**SOURCE DATA**
-- -- --
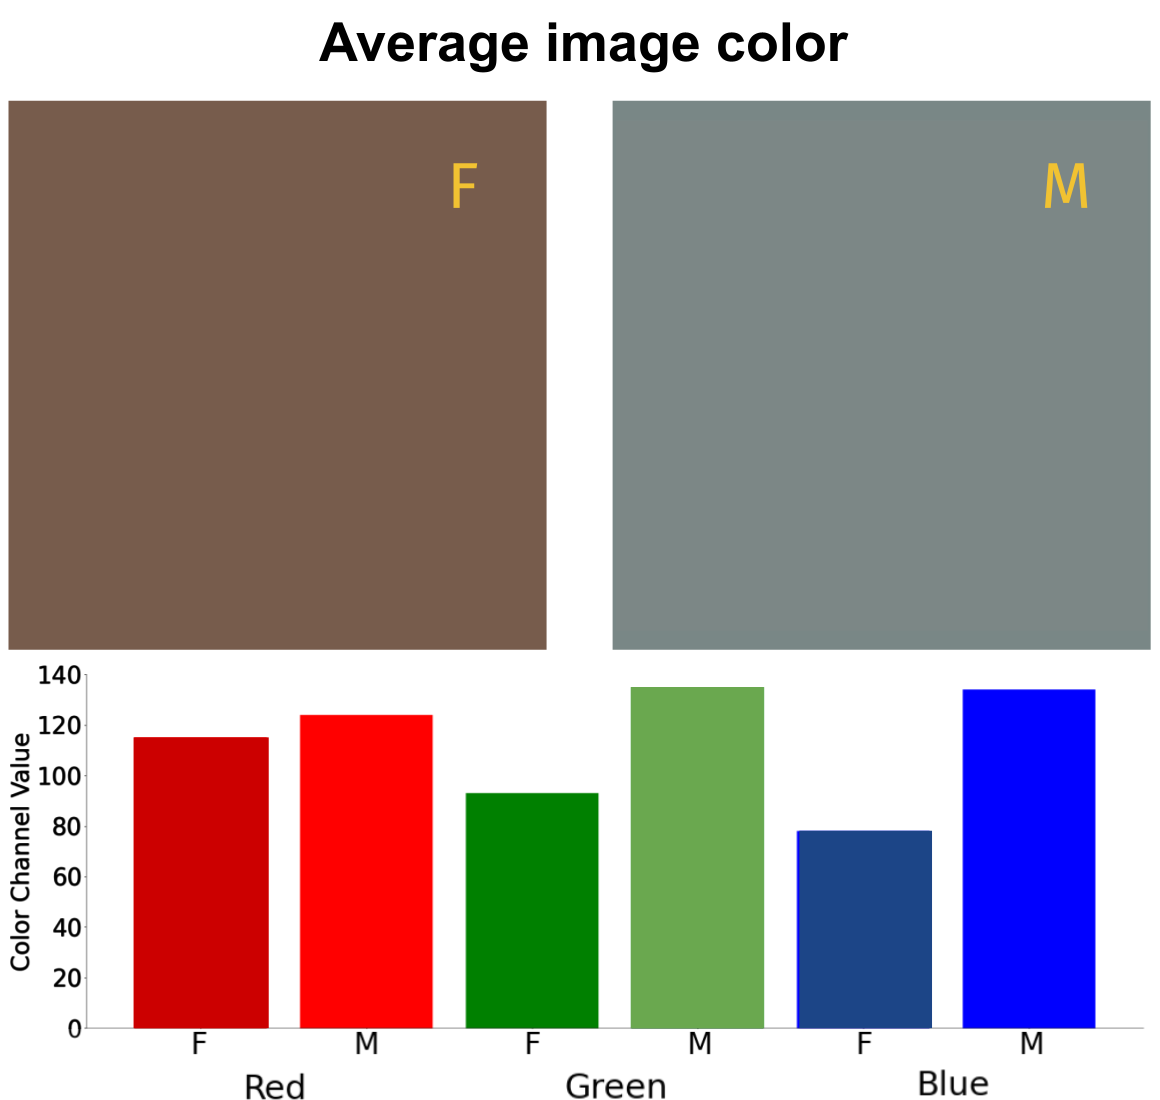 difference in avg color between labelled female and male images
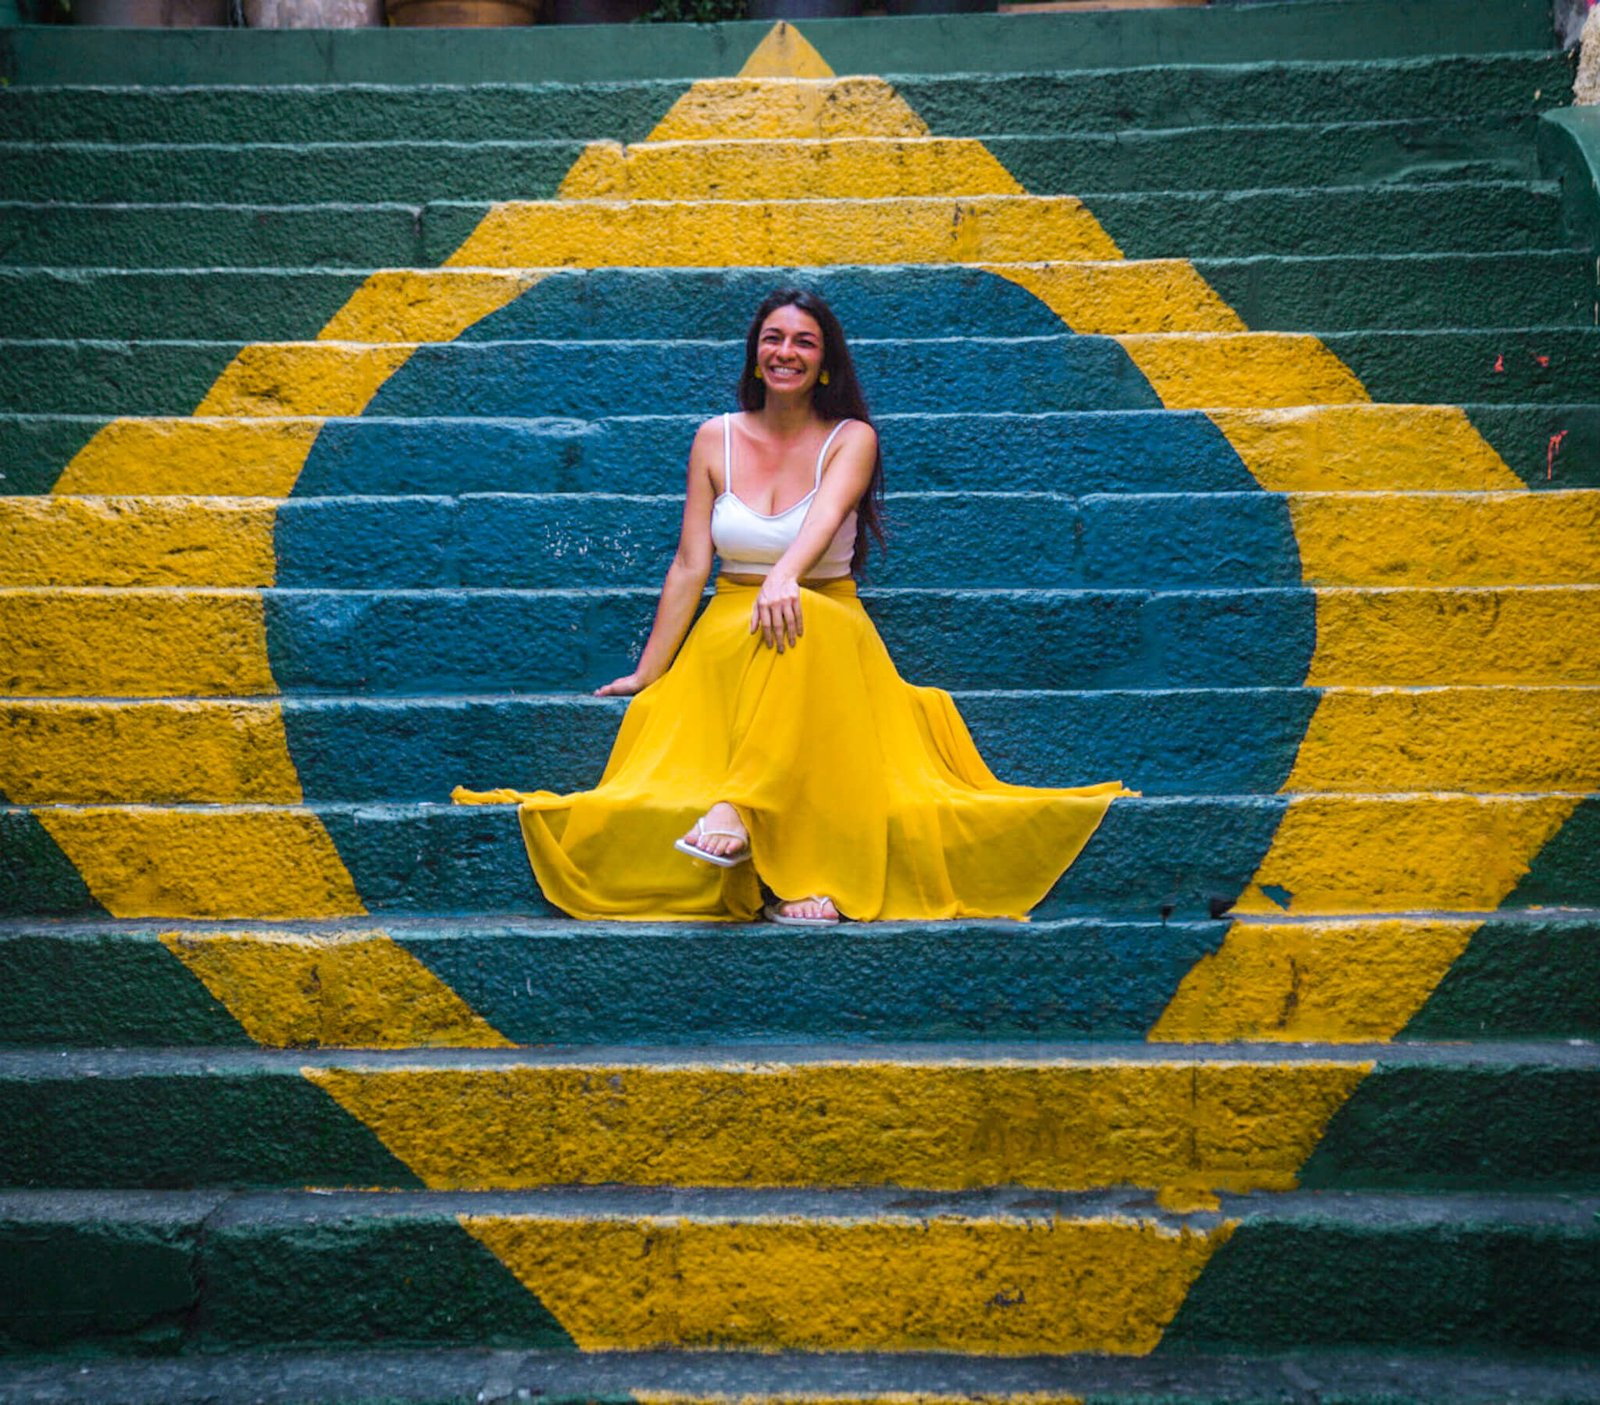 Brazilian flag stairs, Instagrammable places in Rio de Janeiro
-- -- --
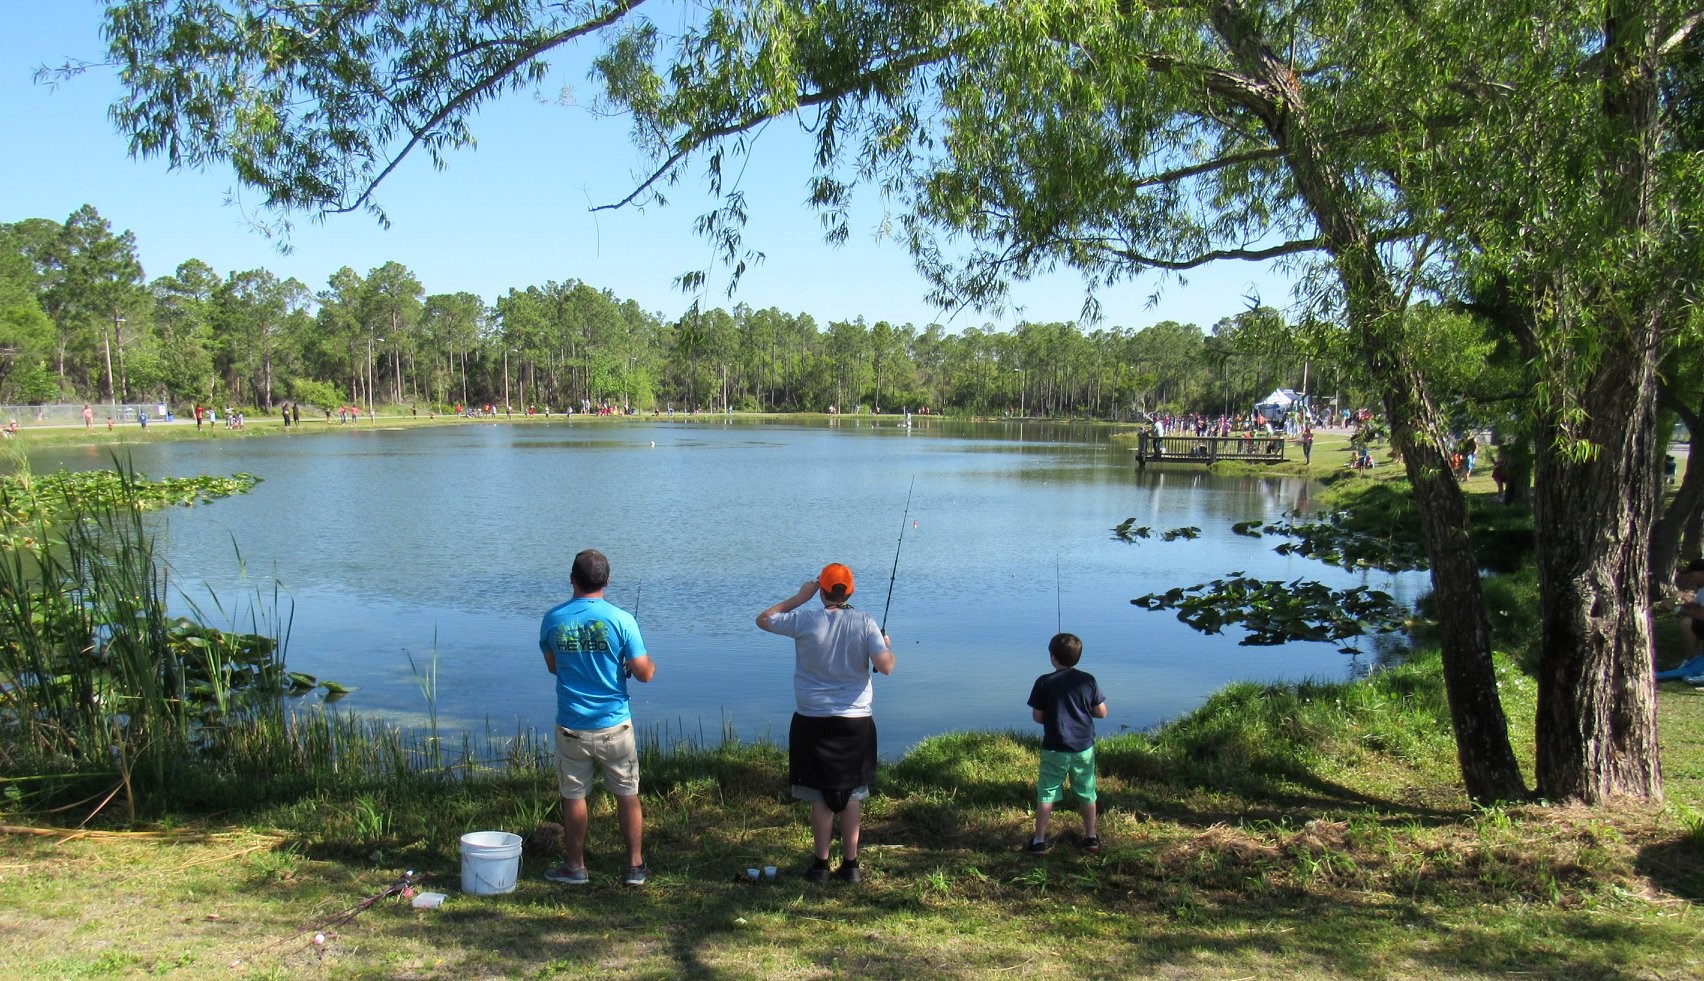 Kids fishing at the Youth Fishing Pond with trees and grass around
-- -- --
**ASSIGNMENT**
Going back to the data above, write out everything from the line with "difference in avg" down to the line with "Brazilian flag stairs, Instagrammable", both included, leaving every picture out.

**ANSWER TO THIS EXERCISE**
 difference in avg color between labelled female and male images
 Brazilian flag stairs, Instagrammable places in Rio de Janeiro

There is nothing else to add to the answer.